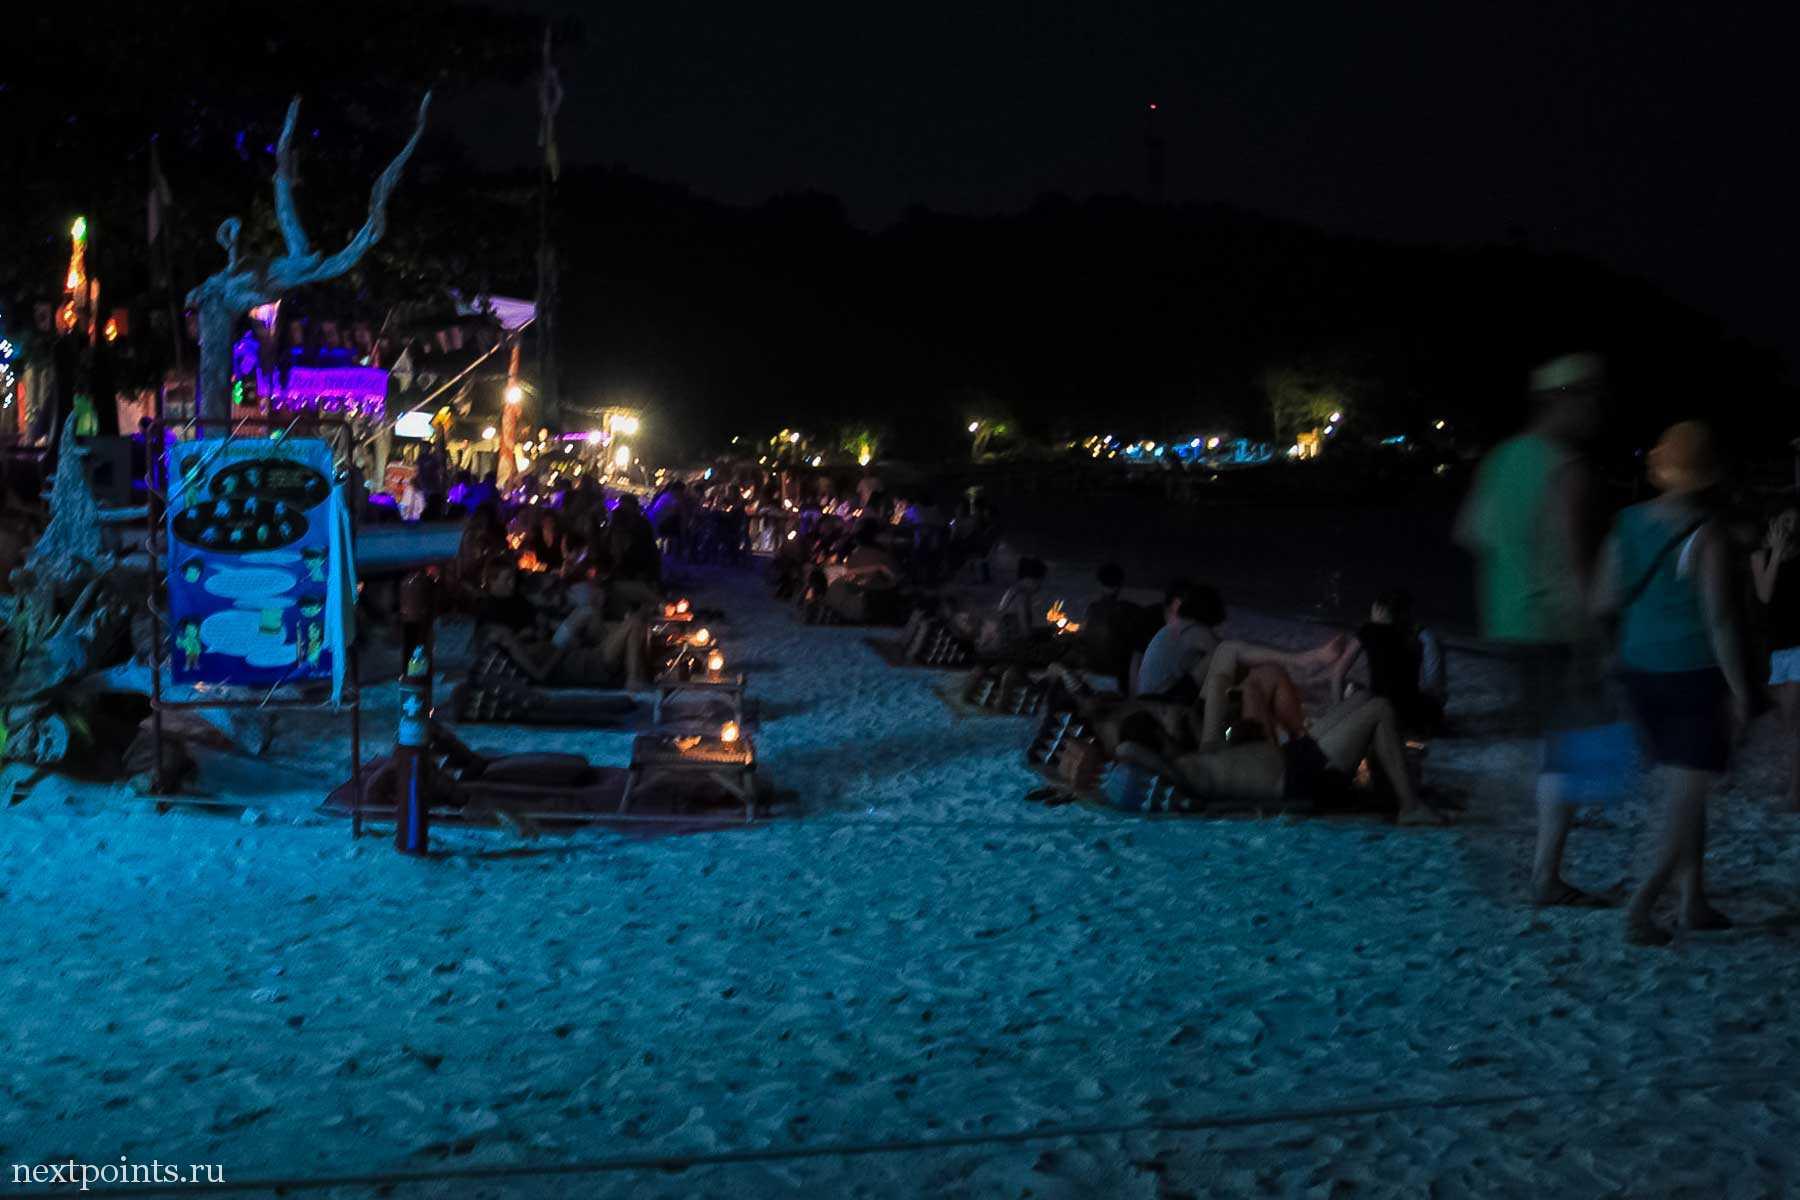 Набережная пляжа Pattaya вечером
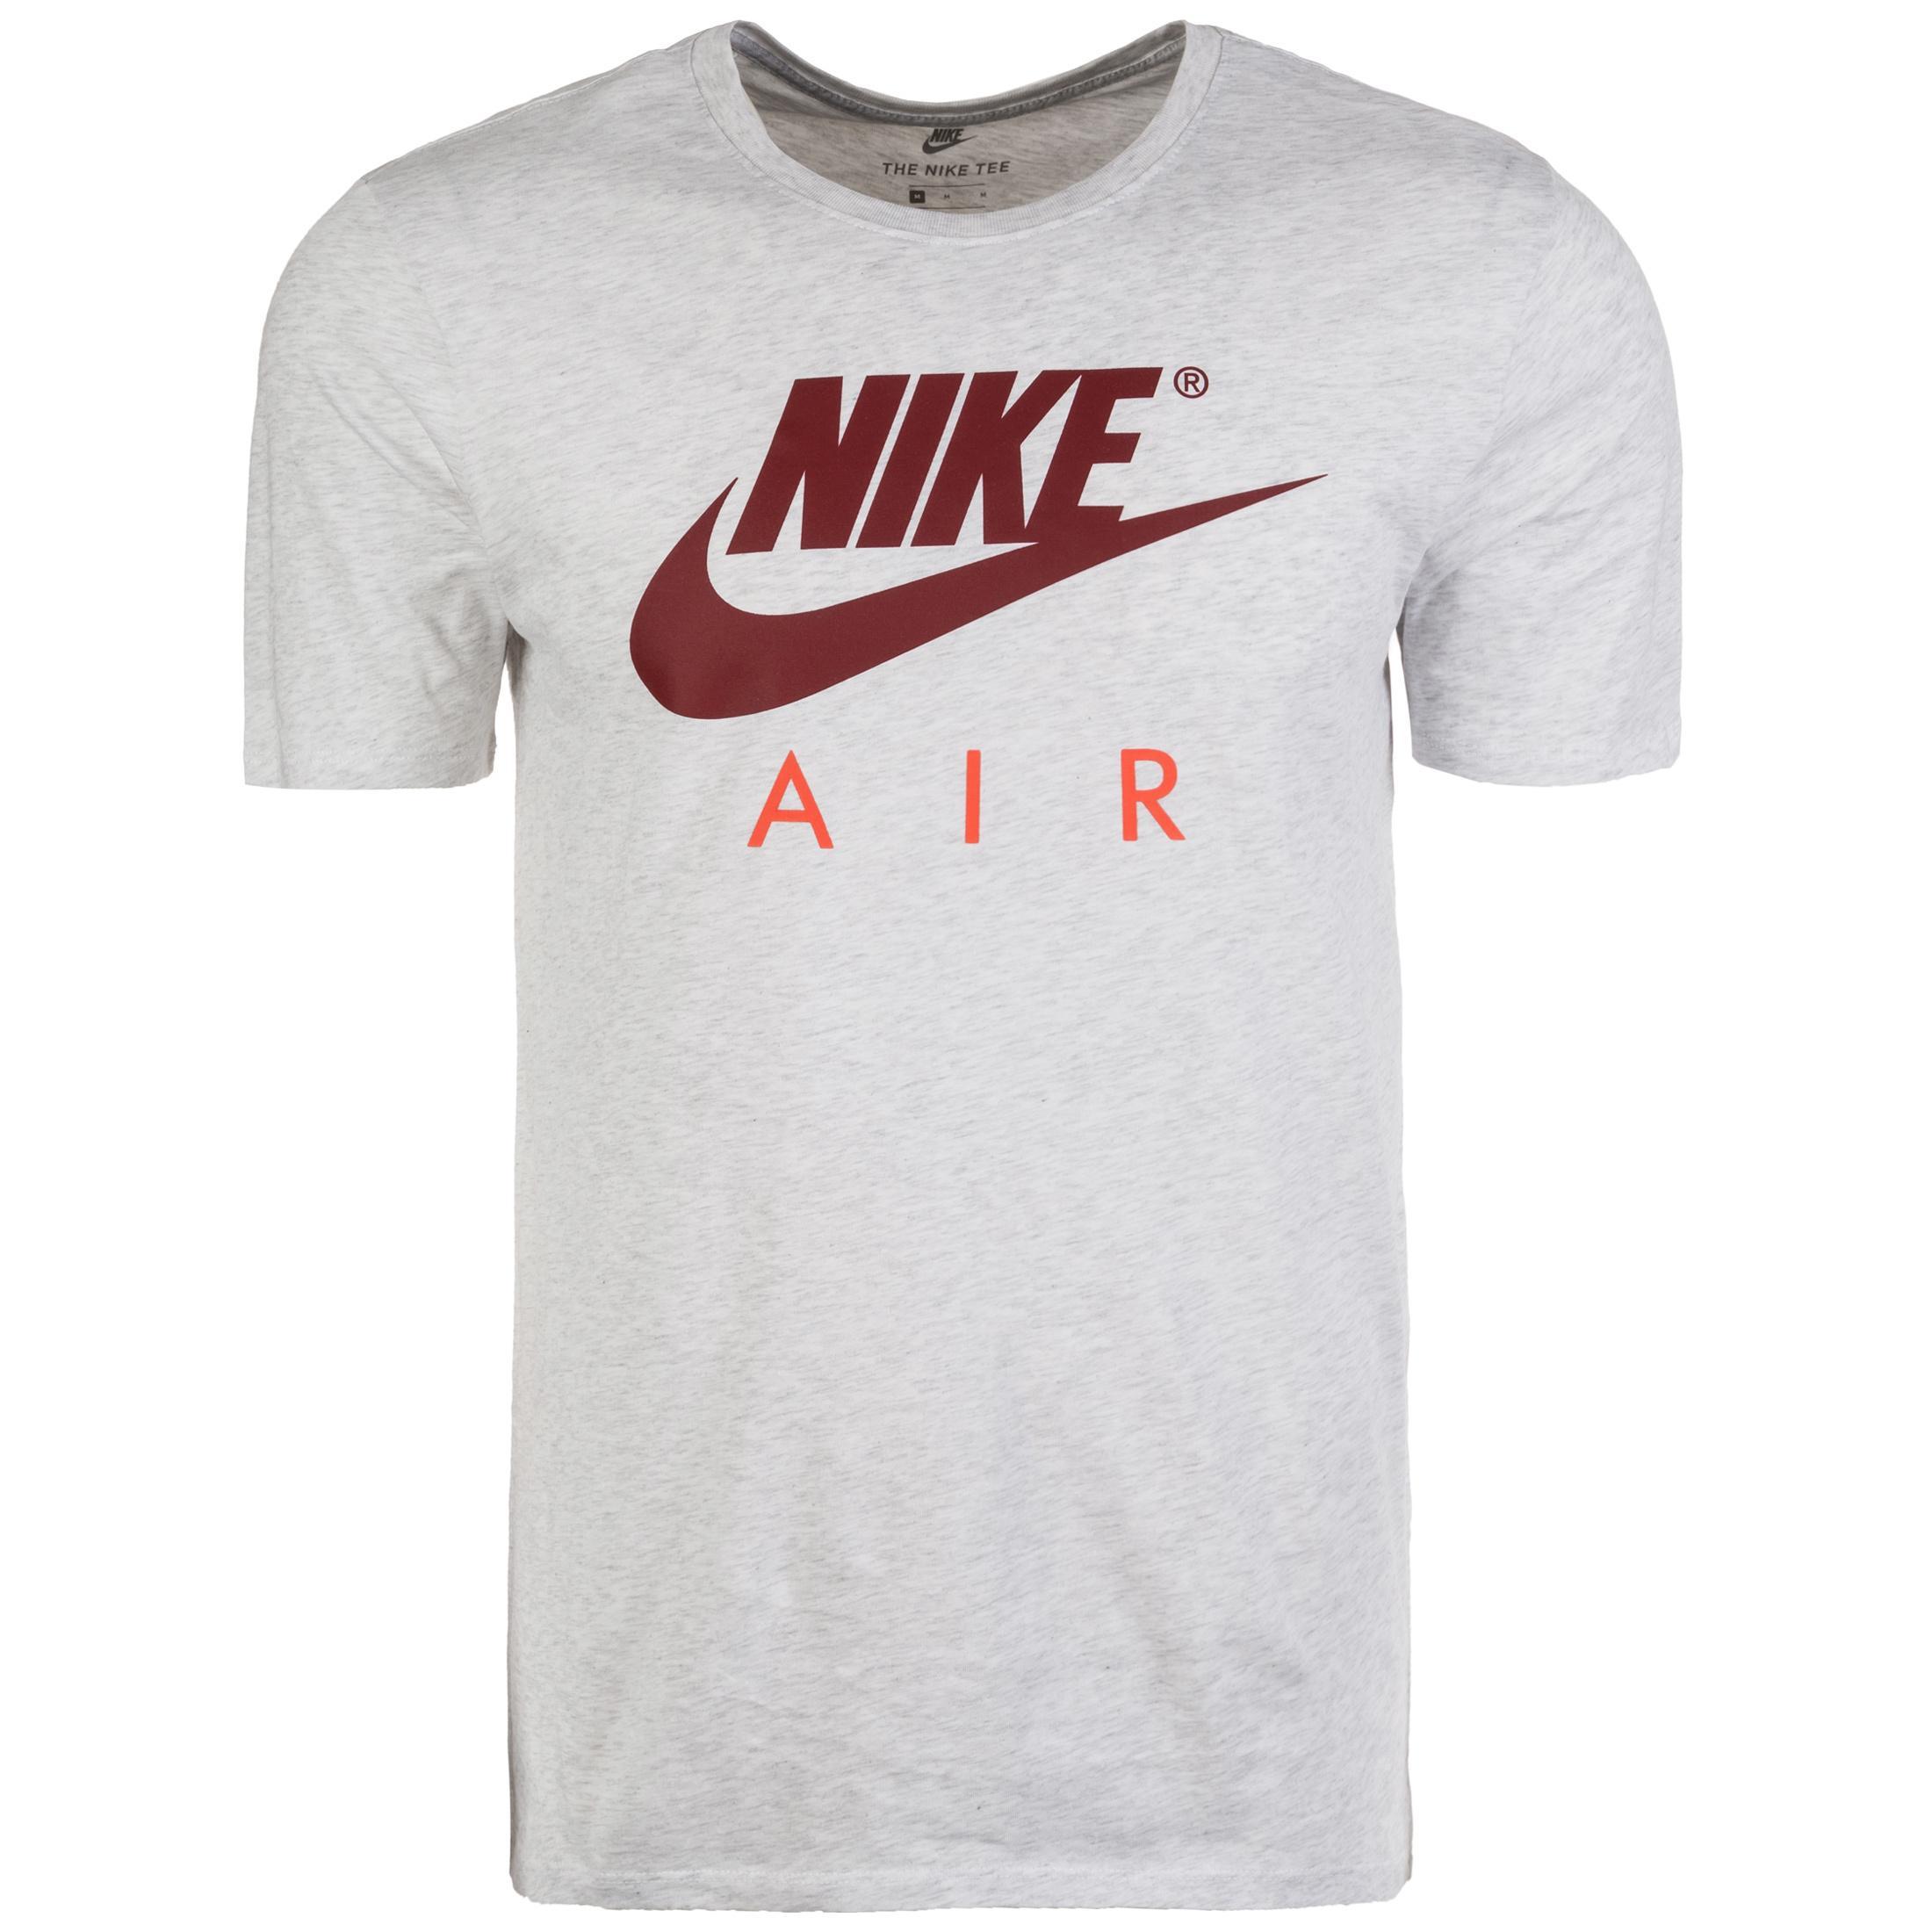 meet 9aeea 6057d Nike Air T-Shirt Herren weiß / rot im Online Shop von SportScheck kaufen
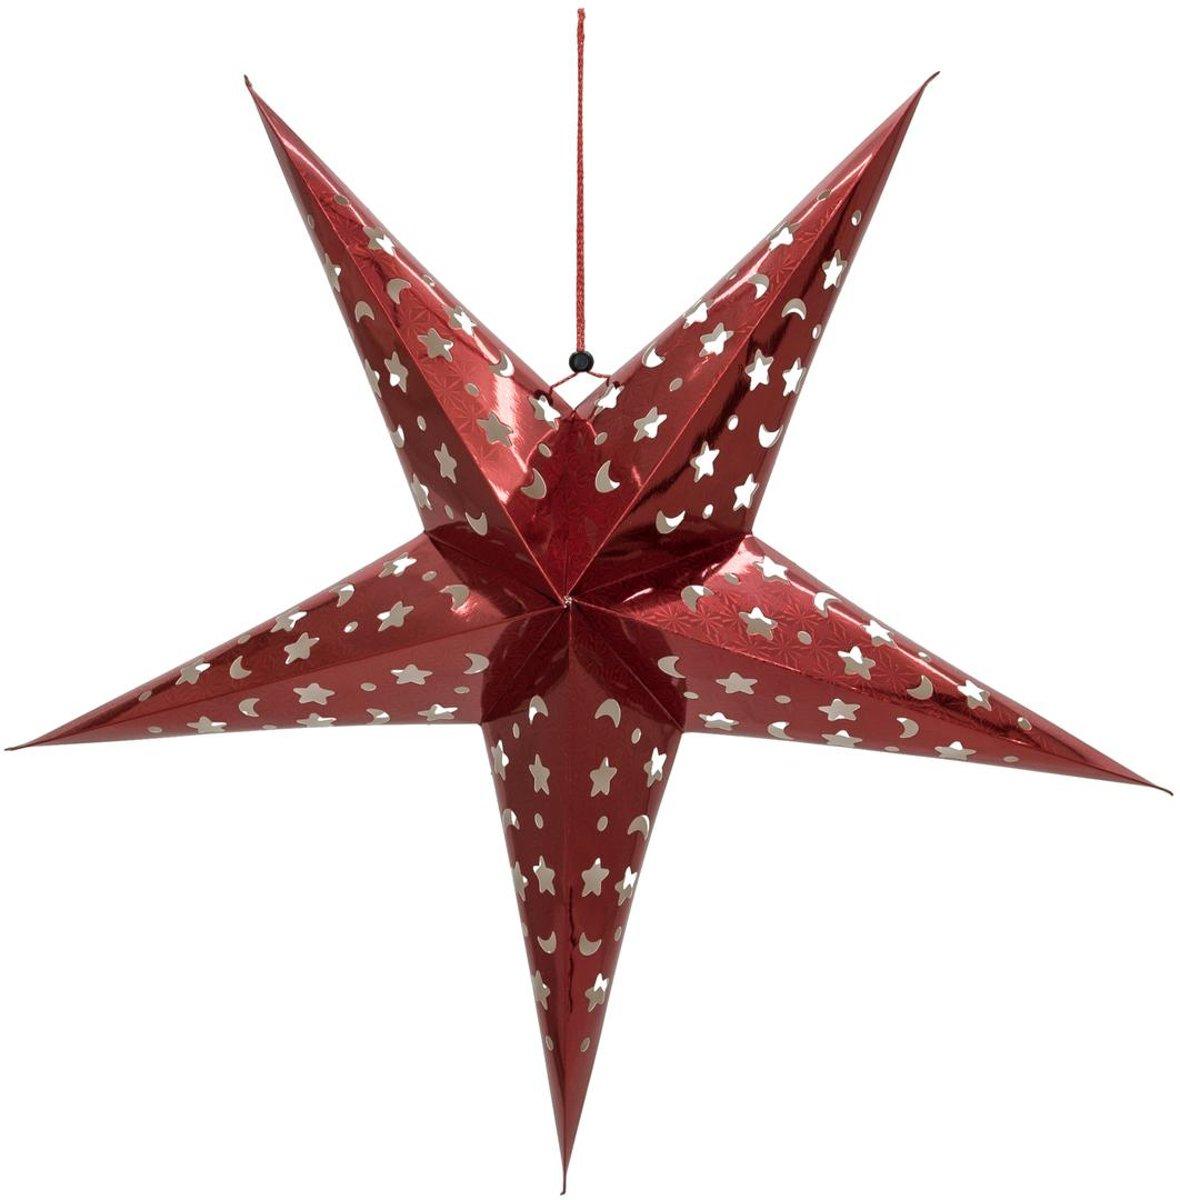 Europalms Kerstster - Papier - Rood - 75 cm - opvouwbaar - Kerstdecoratie kopen
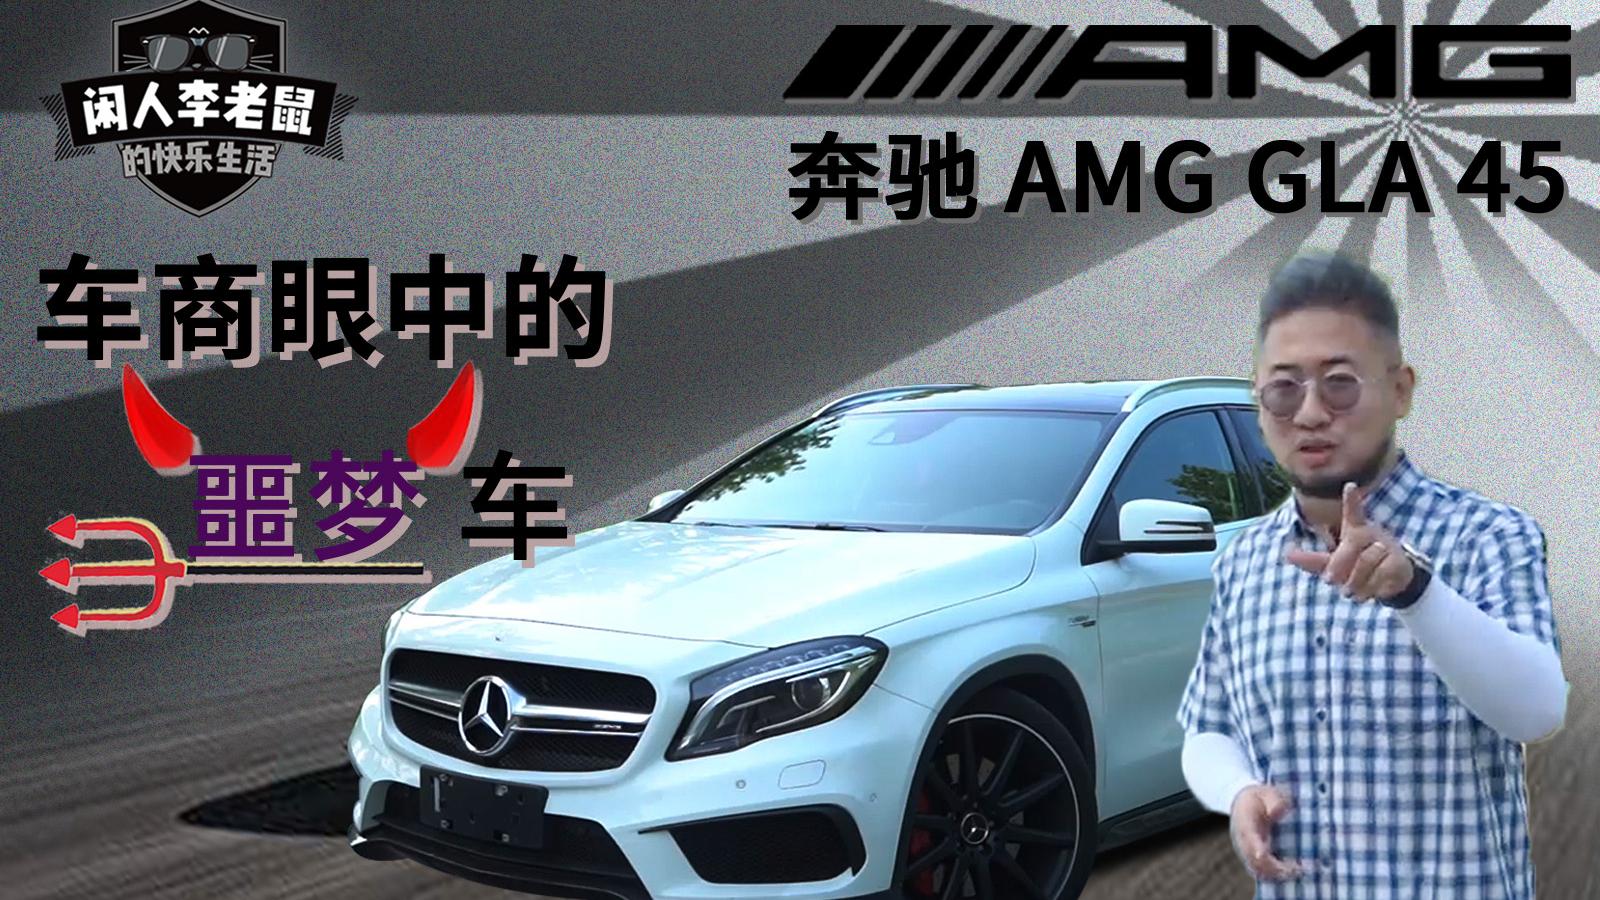 让老鼠找回青春的奔驰AMG,为何却是车商眼里的噩梦级?
★ ★ ★ ★
▶ [WHAT THIS TASK INVOLVES]:
From the line containing "Europalms Kerstster - Papier" through the final line of the listing above, reproduce every line exactly, with no pictures.

▶ [ANSWER TO THIS EXERCISE]:
 Europalms Kerstster - Papier - Rood - 75 cm - opvouwbaar - Kerstdecoratie kopen
 让老鼠找回青春的奔驰AMG,为何却是车商眼里的噩梦级?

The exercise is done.